Jackie Gleason was billed as The Great One. And for a good reason.
It is unfortunate that there is a generation coming up that may likely not have heard of Jackie Gleason, an enormous presence in entertainment over five decades that left behind an impressive legacy. His work spanned generations, from his supporting roles in 1940s movies, his truly classic “Honeymooners” shows of the 1950s, his variety series during the 1960s, and appearances in films like “The Hustler” (1961), “Requiem For a Heavyweight” (1962), all the way up to “Smoky and the Bandit” (1976) and “Nothing in Common” (1986). Gleason played both comedy and drama, his humorous characters ranging from the boisterous Ralph Kramden to the pathos of The Poor Soul, and his movie roles running the gamut from a shifty prizefight manager to a redneck sheriff.
It is perhaps the Ralph Kramden character that has most effectively lived on over time and generations. “The Honeymooners” was originally a sketch on Gleason’s variety show, but during the 1955-1956 TV season a decision was made to film the series as a sitcom, but with a live audience. The 39 episodes from this season have been rerun for nearly 60 years, and remain every bit as fresh and funny as they ever were (curiously, the 1985 discovery and re-release of Honeymooners sketches from seasons previous to, and following, the Classic 39 were only sporadically amusing). Kramden was a working class dreamer of little means whose blustery manner hid a kind heart. With silly sidekick Art Carney as Ed Norton, Audrey Meadows as no-nonsense wife Alice, and Joyce Randolph as Norton’s wife Trixie, the 39 episodes of this series investigated several levels of each character.
While Kramden was the central character in each plot, the supporting characters framed the action perfectly. Ralph’s determination was inspiring even if ideas like “wallpaper that glows in the dark” were ridiculous.
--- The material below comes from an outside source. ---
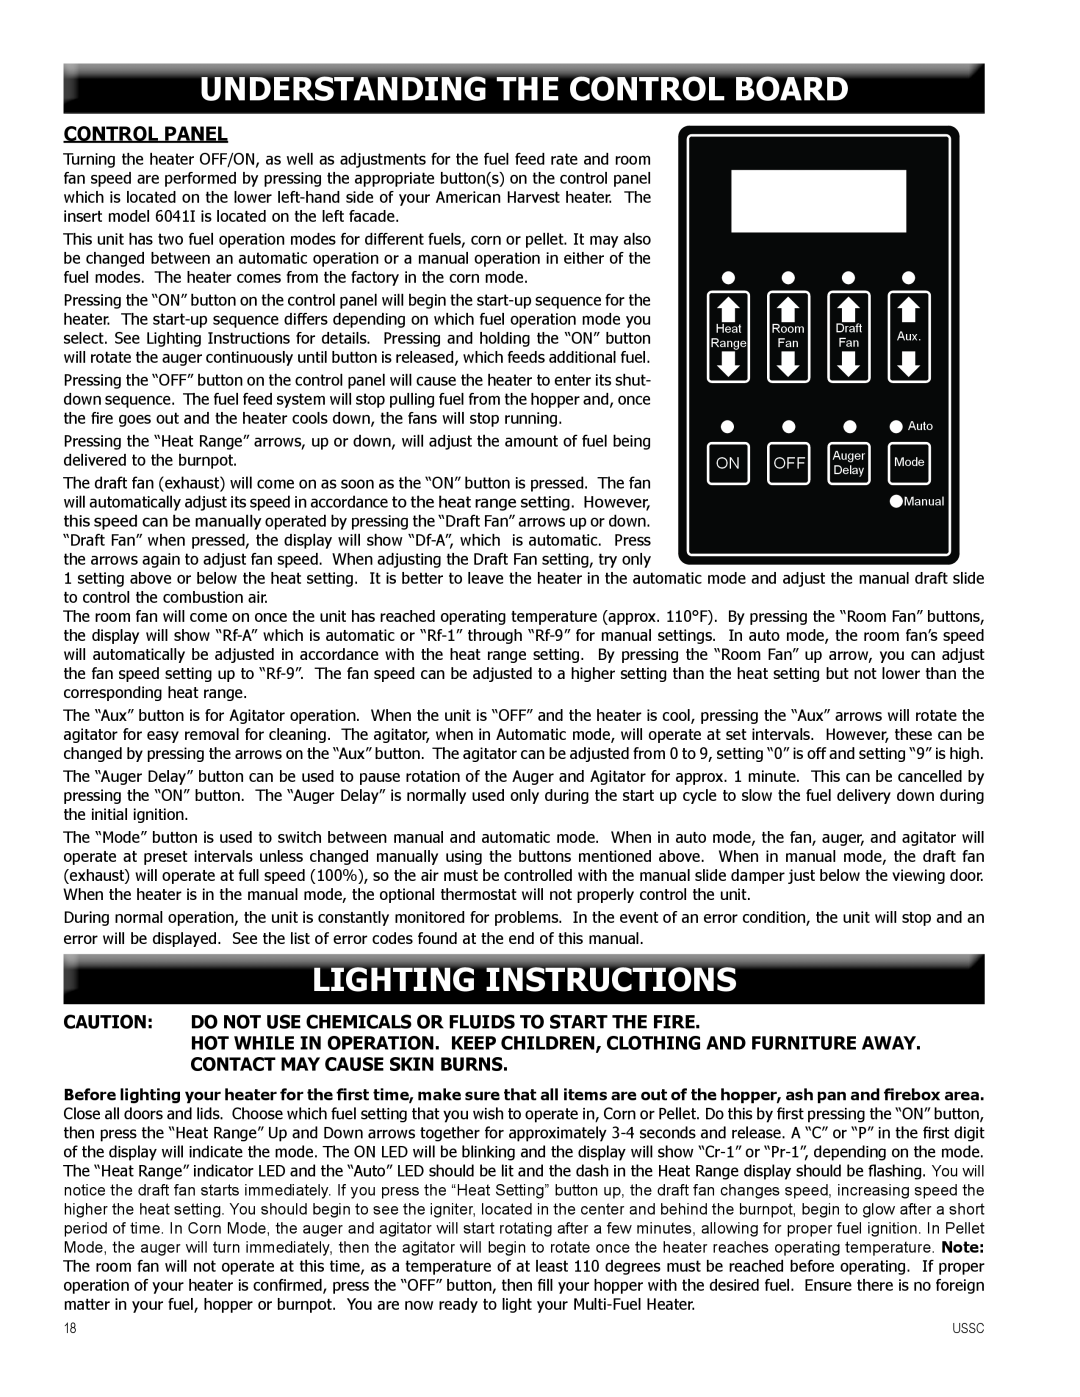 United States Stove 6041TP, 6041I, 6041HF warranty Understanding The Control Board, Lighting Instructions, Control Panel

It was hard to not respect a man who rented a piano and studied the history of popular music in preparation for a quiz show, or sympathize when he plummeted into abject paranoia after being summoned to the IRS offices.
Often actors in sitcoms of any kind are stereotyped by their role and are hard to accept in anything else. While he concentrated on television throughout the 1950s, during the 60s Gleason juggled a TV and a film career. While continuing with his variety series, Gleason took roles in films, especially during the first half of the 1960s. On Saturday nights he would be on TV engaging in routines with Frank Fontaine as Crazy Guggenheim, and then show up in theaters as pool player Minnesota Fats in “The Hustler” or unscrupulous fight manager Maishe in “Requiem for a Heavyweight,” taking on the role played by Rod Steiger in the original TV drama. Gleason also played opposite Steve McQueen in “Soldier in the Rain” (1961).
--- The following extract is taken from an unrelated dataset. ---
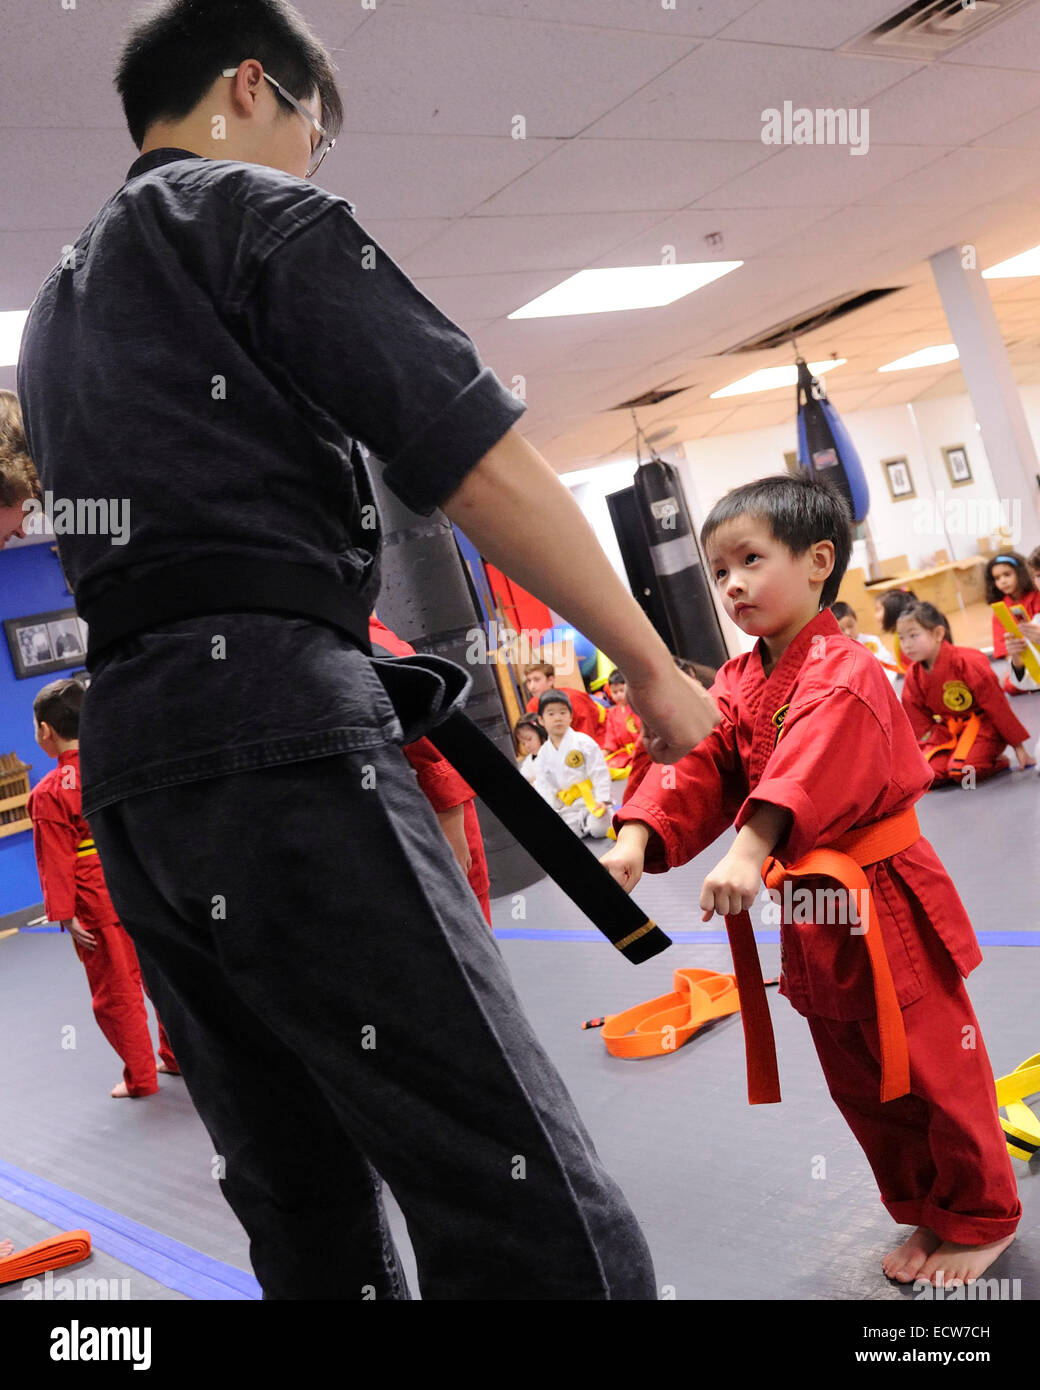 Toronto, Canada. 19th December 2014. 4 year old Brendan Chan attends a Karate Belt Graduation where he receives his Orange Belt. Brendan has been attending Karate training for 6 months. Credit:  EXImages/Alamy Live News Stock Photo

Gleason tried to revive “The Honeymooners” a few different times, the most notable version during the 1960s was from 1966-1970 and featured Carney along with Sheila MacRae as Alice and Jane Kean as Trixie. The dynamic was similar to the Classic 39, but the structure was altered, as the shows now ran an hour and featured musical numbers throughout. Gleason, who had his entire production moved to Miami Beach, would delight the live audience with his “How sweet it is!” greeting at the opening of the program, and his introducing the series actors as the show concluded. Gleason made fewer movies during the late 1960s, none of them enjoying much success. Even his teaming with Bob Hope in “How to Save a Marriage” (1969) fell flat, while Woody Allen’s “Don’t Drink The Water” was another comedy film that failed to reach near its potential. While filming “How Do I Love Thee?” (1970), a drunken Gleason stumbled and crushed co-star Maureen O’Hara’s hand. Miss O’Hara never regained the full use of that hand.
Gleason made something of a comeback with “Smoky and the Bandit” (1976), an immensely popular film where his character of hot tempered, foul mouthed redneck sheriff Buford T. Justice became nearly as iconic as Ralph Kramden. Also during the seventies, Gleason would occasionally revive “The Honeymooners” for TV specials, bringing back Audrey Meadows as Alice due to the popularity of the Classic 39 in reruns, but retaining Jane Kean from the musical era.
Gleason’s final role was in the drama “Nothing In Common” (1986) opposite Tom Hanks. He died the following year after decades of indulgences. He was 71 years old.
The Classic 39 Honeymooners episodes remain in sporadic syndication, but, as with most shows shot in black and white, is relegated to TV stations dealing with older programs, and shown late at night. As a result, new generations are not exposed to one of the leading figures in television. It is notable that, among the closing credits of the Classic 39 Honeymooners, it states “entire production supervised by Jackie Gleason.” It is Gleason’s vision that made this series a bonafide classic of the small screen. And his performances in movies like “The Hustler” and “Requiem for a Heavyweight” still resonate over 50 years later.
Jackie Gleason’s being billed as The Great One was completely accurate.